12 Juin, 2023
Guy Saupin
L’évocation de la vie en Afrique et de la traite sur les côtes africaines est très minoritaire dans les autobiographies d’anciens esclaves. Ces récits posent des problèmes d’interprétation du fait du contexte de leur rédaction et doivent être confrontés aux données historiques. Toutefois, ils ont une valeur unique : ils permettent de faire sortir du silence les voix des victimes de la traite esclavagiste transatlantique.

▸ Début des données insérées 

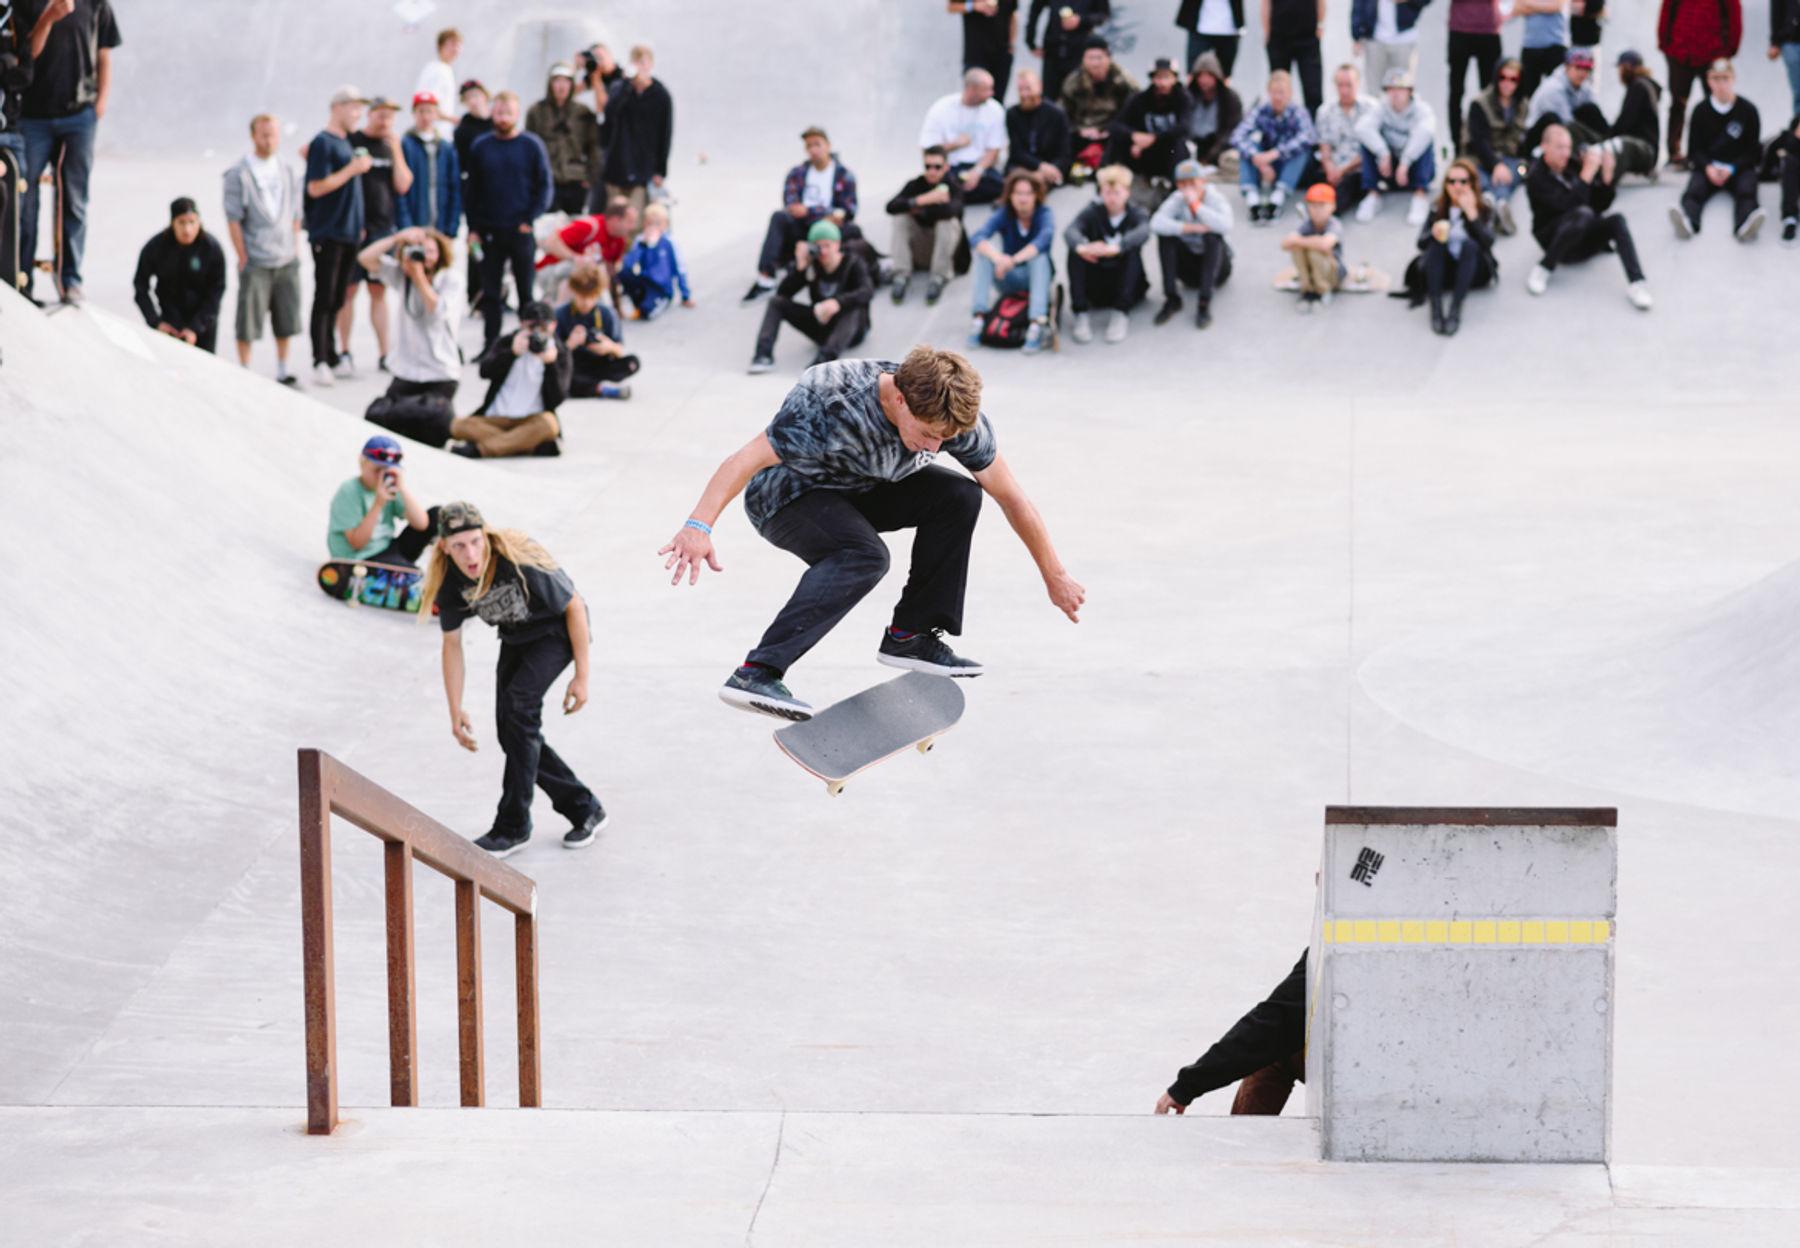 _IHC3223-Yoshi-Tanenbaum-Bs-360-Flip-Nike-SB-Copenhagen-Open-Day-1-Faelledparken-July-2015-Photographer-Maksim-Kalanep

Dans les autobiographies d’anciens esclaves publiées en Angleterre ou aux États-Unis aux 18e et 19e siècles, celles qui intègrent la première partie de leur vie en Afrique sont malheureusement très minoritaires. On en a recensé une vingtaine. Ces récits posent de gros problèmes d’interprétation car ils sont le plus souvent le produit d’une collaboration entre une voix africaine et un collecteur-rédacteur-éditeur, dans une stratégie de participation active au mouvement abolitionniste, incluant un risque de distorsion par conversion au christianisme, processus intimement lié à l’émancipation. Ils doivent être confrontés aux analyses de la recherche académique interdisciplinaire croisant les données issues de l’oralité africaine et des relations de voyageurs extérieurs. Toutefois, ils sont dotés d’une valeur unique : ce sont les voix des victimes du commerce des esclaves, la manière privilégiée de ne pas limiter l’étude de l’agentivité africaine à celle de leurs bourreaux. Ces quelques témoignages empêchent que les expressions de souffrance de millions d’autres soient recouvertes du silence le plus total.

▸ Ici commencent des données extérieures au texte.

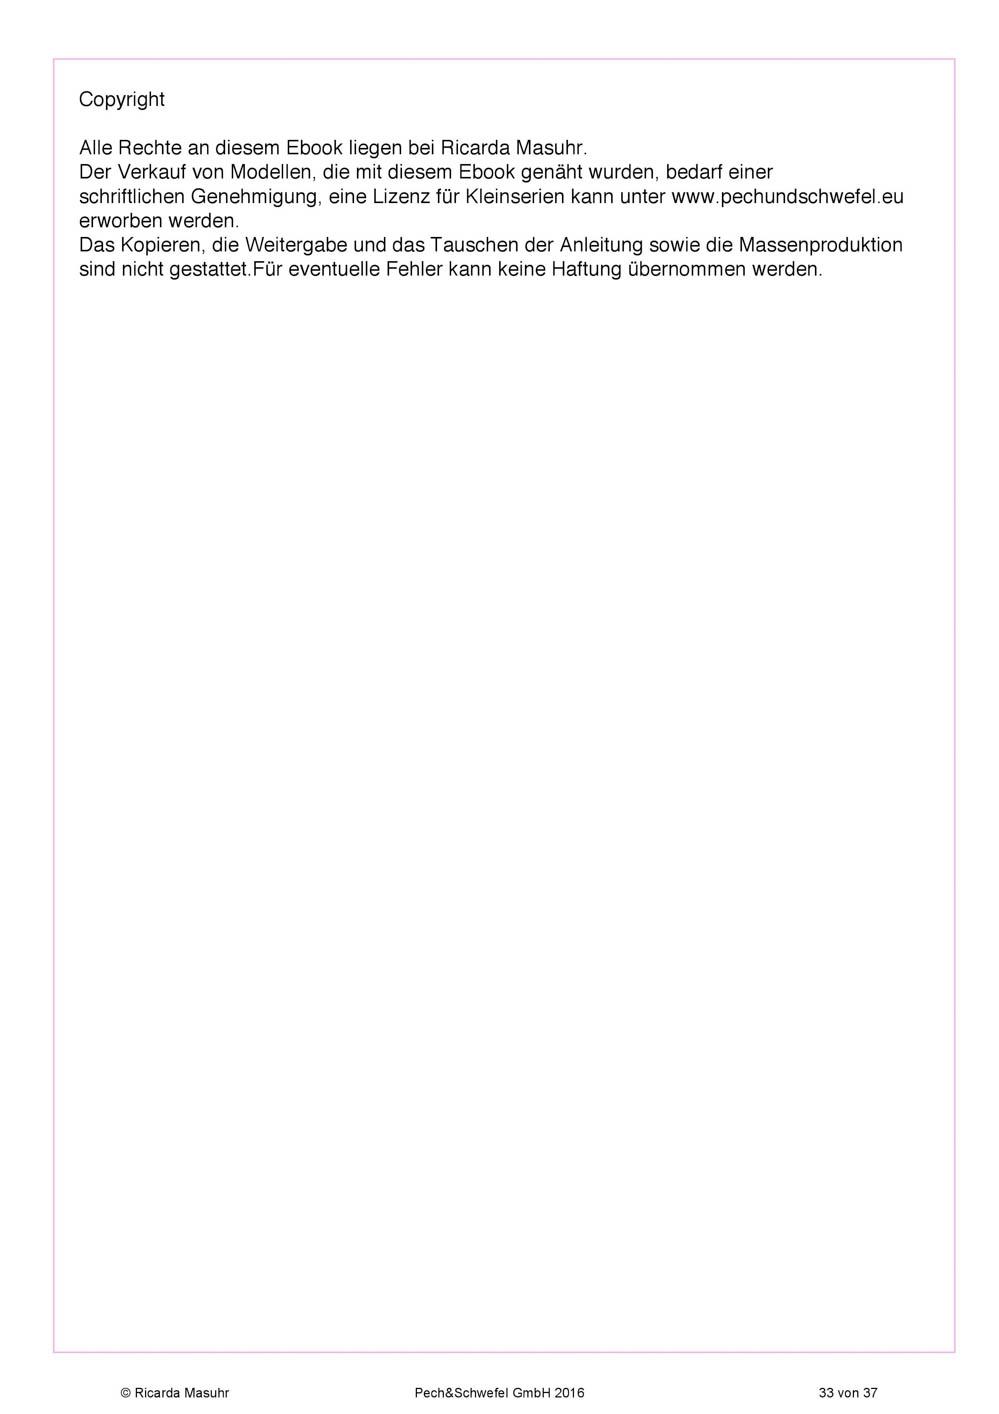 SchnittmusterWinterhudePechUndSchwefel-0033

Les récits autobiographies permettent de préciser l’environnement social en Afrique dans lequel évoluent leurs auteurs. L’appartenance à l’élite domine (12 cas sur 14 connus). Elle est présentée à travers la puissance économique, mesurée au grand nombre d’esclaves et à la capacité à louer le travail de nombreux libres, et la participation au pouvoir politique comme roi ou chef de lignage intégrant le conseil des anciens. La pauvreté n’est indiquée que deux fois. J. Jea, du Vieux Calabar (actuel Nigéria), saisi en guerre à l’âge de deux/trois ans dans les années 1770, se souvient de ses parents « pauvres, mais industrieux ». O. Wooma, orphelin de père à huit ans, est recueilli par son frère ainé qui le met en gage pour l’emprunt de deux chèvres. Ceci semble souligner l’influence de l’éducation initiale dans la production des autobiographies, en forme de capital social.

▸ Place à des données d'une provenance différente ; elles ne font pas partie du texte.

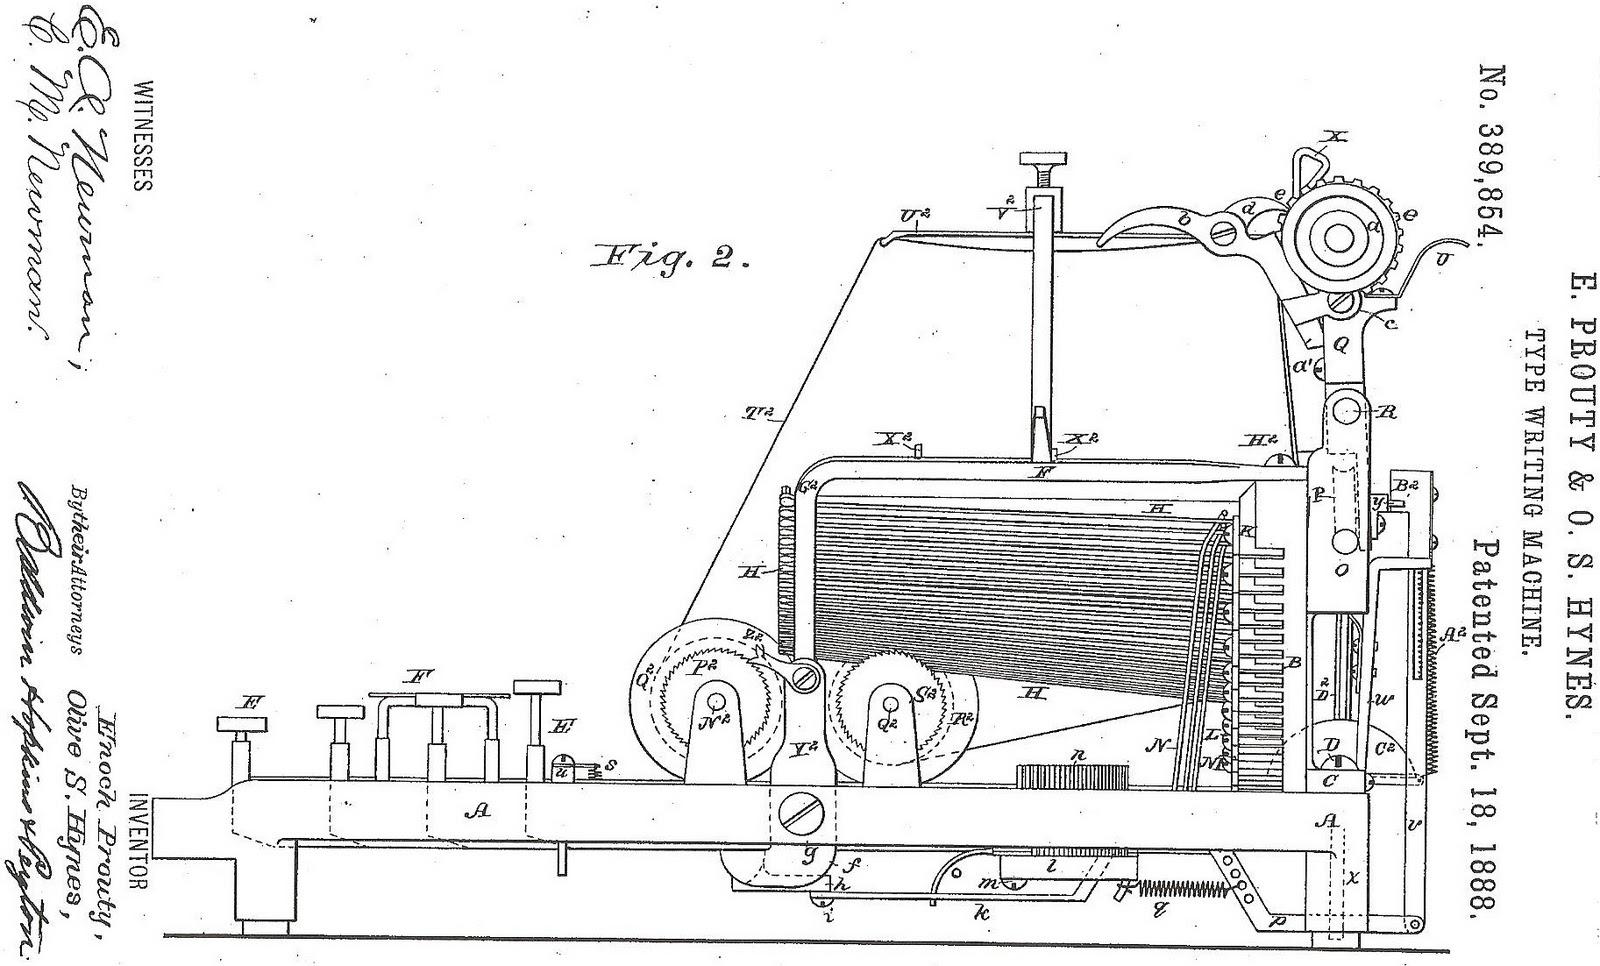 Oz Typewriter On This Day In Typewriter History Cxxi

Quelques récits illustrent l’impact du commerce dans la formation des couples. Le père de M. Baquaqua, né à la fin des années 1820 à Zooggou (Djougou, au nord de l’actuel Bénin), place commerçante tributaire du royaume du Borgou, appartient au réseau marchand wangara, non autochtone, de langue dendi. Gewe, future C. Mulgrave, native de Luanda en Angola portugais dans les années 1820, situe son père comme un chef mbundu travaillant pour un commerçant portugais et sa mère comme une « mulâtresse », de « famille proéminente ». La polygamie apparaît comme une coutume très partagée, signe marquant de puissance sociale. La situation la plus fréquente semble osciller entre deux et trois épouses.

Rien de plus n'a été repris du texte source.